An evolutionary psychology explanation starts by asking why such a trait 
would have improved the reproductive success of people during the millions 
of years we lived as social primates in bands or tribes?  One thing that 
stands out from our records of the historical North American tribes, the 
South American tribes such as the Yanamano, and some African tribes is that 
being captured was a relatively common event.  If you go back a few 
generations, almost everyone in some of these tribes has at least one 
ancestor (usually a women) who was violently captured from another tribe.
Natural selection has left us with psychological responses to capture seen 
in the Stockholm Syndrome and the Patty Hearst kidnapping.  Capture-bonding 
or social reorientation when captured from one warring tribe to another was 
an essential survival tool for a million years or more.  Those who 
reoriented often became our ancestors.  Those who did not became breakfast.
         Tribal life was not very many generations in the past even for 
western people.  Recent genetic studies in Iceland have found that many of 
the women who were the founding stock of Iceland came from England and what 
is now France.  Some of them might have been willing brides, but some were 
probably captured and carried off in Viking raids only 40 generations ago.

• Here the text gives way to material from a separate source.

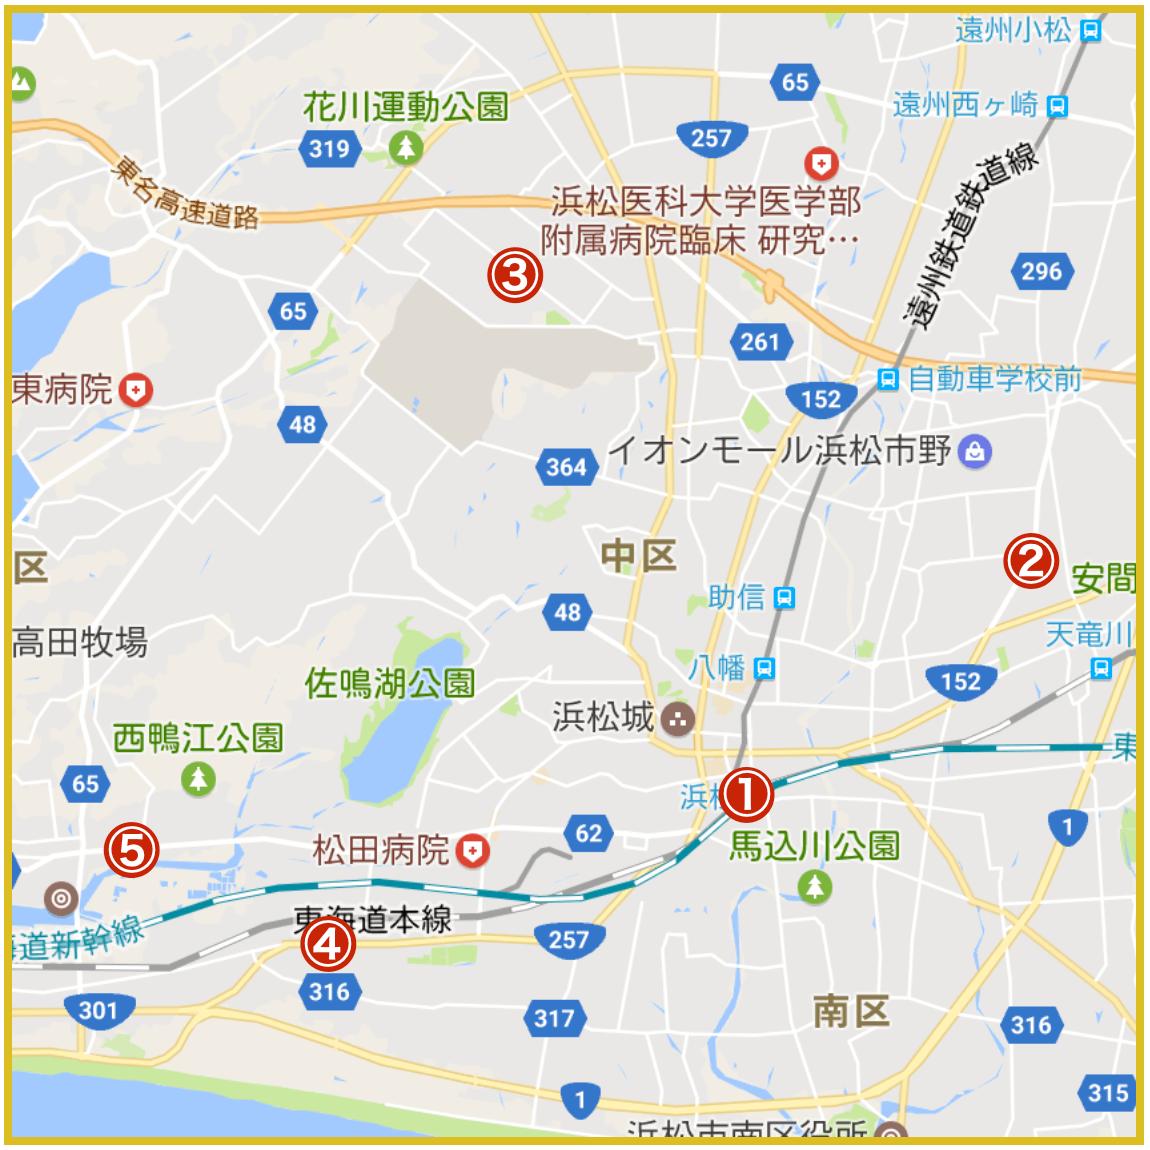 浜松市にあるプロミス店舗・ATMの位置(2020年版)

         Fighting hard to protect yourself and your relatives is good for 
your genes, but when captured and escape is not possible, giving up short 
of dying and making the best you can of the new situation is also good for 
your genes.  In particular it would be good for genes that built minds able 
to dump previous emotional attachments under conditions of being captured 
and build new social bonds to the people who have captured you.  The 
process should neither be too fast (because you may be rescued) nor too 
slow (because you don't want to excessively try the patience of those who 
have captured you--see end note 3).
         An EP explanation stresses the fact that we have lots of ancestors 
who gave up and joined the tribe that had captured them (and sometimes had 
killed most of their relatives).  This selection of our ancestors accounts 
for the extreme forms of capture-bonding exemplified by Patty Hearst and 
the Stockholm Syndrome.  Once you realize that humans have this trait, it 
accounts for the "why" behind everything from basic military training and 
sex "bondage" to fraternity hazing (people may have a wired-in "knowledge" 
of how to induce bonding in captives).  It accounts for battered wife 
syndrome, where beatings and abuse are observed to strengthen the bond 
between the victim and the abuser--at least up to a point.

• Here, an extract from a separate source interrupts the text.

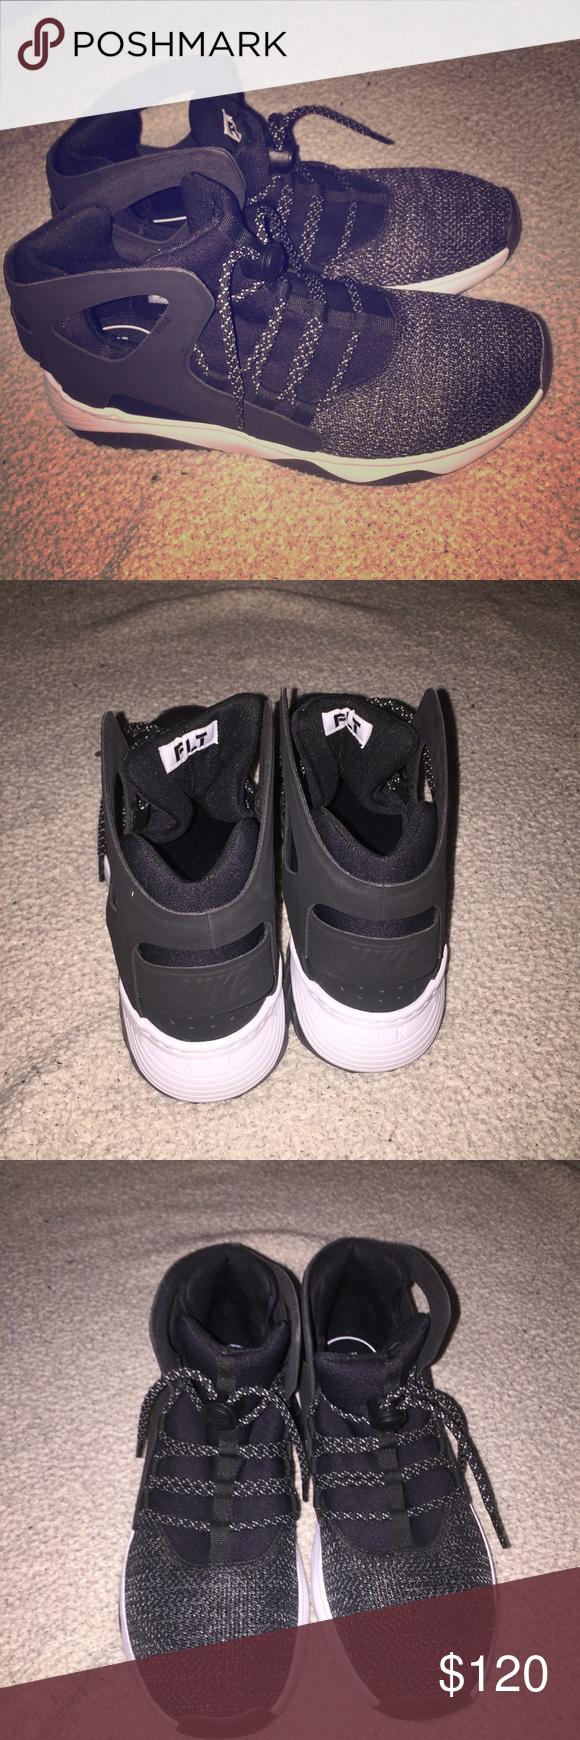 Black nikes, Worn, Nike

         This explanation for brainwashing/Stockholm Syndrome is an example 
of the power of EP to suggest plausible and sometimes testable reasons for 
otherwise hard-to-fathom human psychological traits.  Some cults use abuse 
and confinement to induce capture-bonding, especially for those who try to 
escape.  Others, particularly the Moonies, used fear as an element to get 
prospective members to bond.  (In the 70s, those who went with them for a 
weekend found themselves 30 miles from the nearest town.)  Historically 
capture-bonding was important in the spread of some religions.  (Convert or 
die, infidel!)
Capture-bonding does not by itself account for the influence cults have on 
their victims, though it does account for the success of classic 
"deprogramming" cult members by capture.  To account for the success of 
most cults we need to look at another powerful psychological reward mechanism.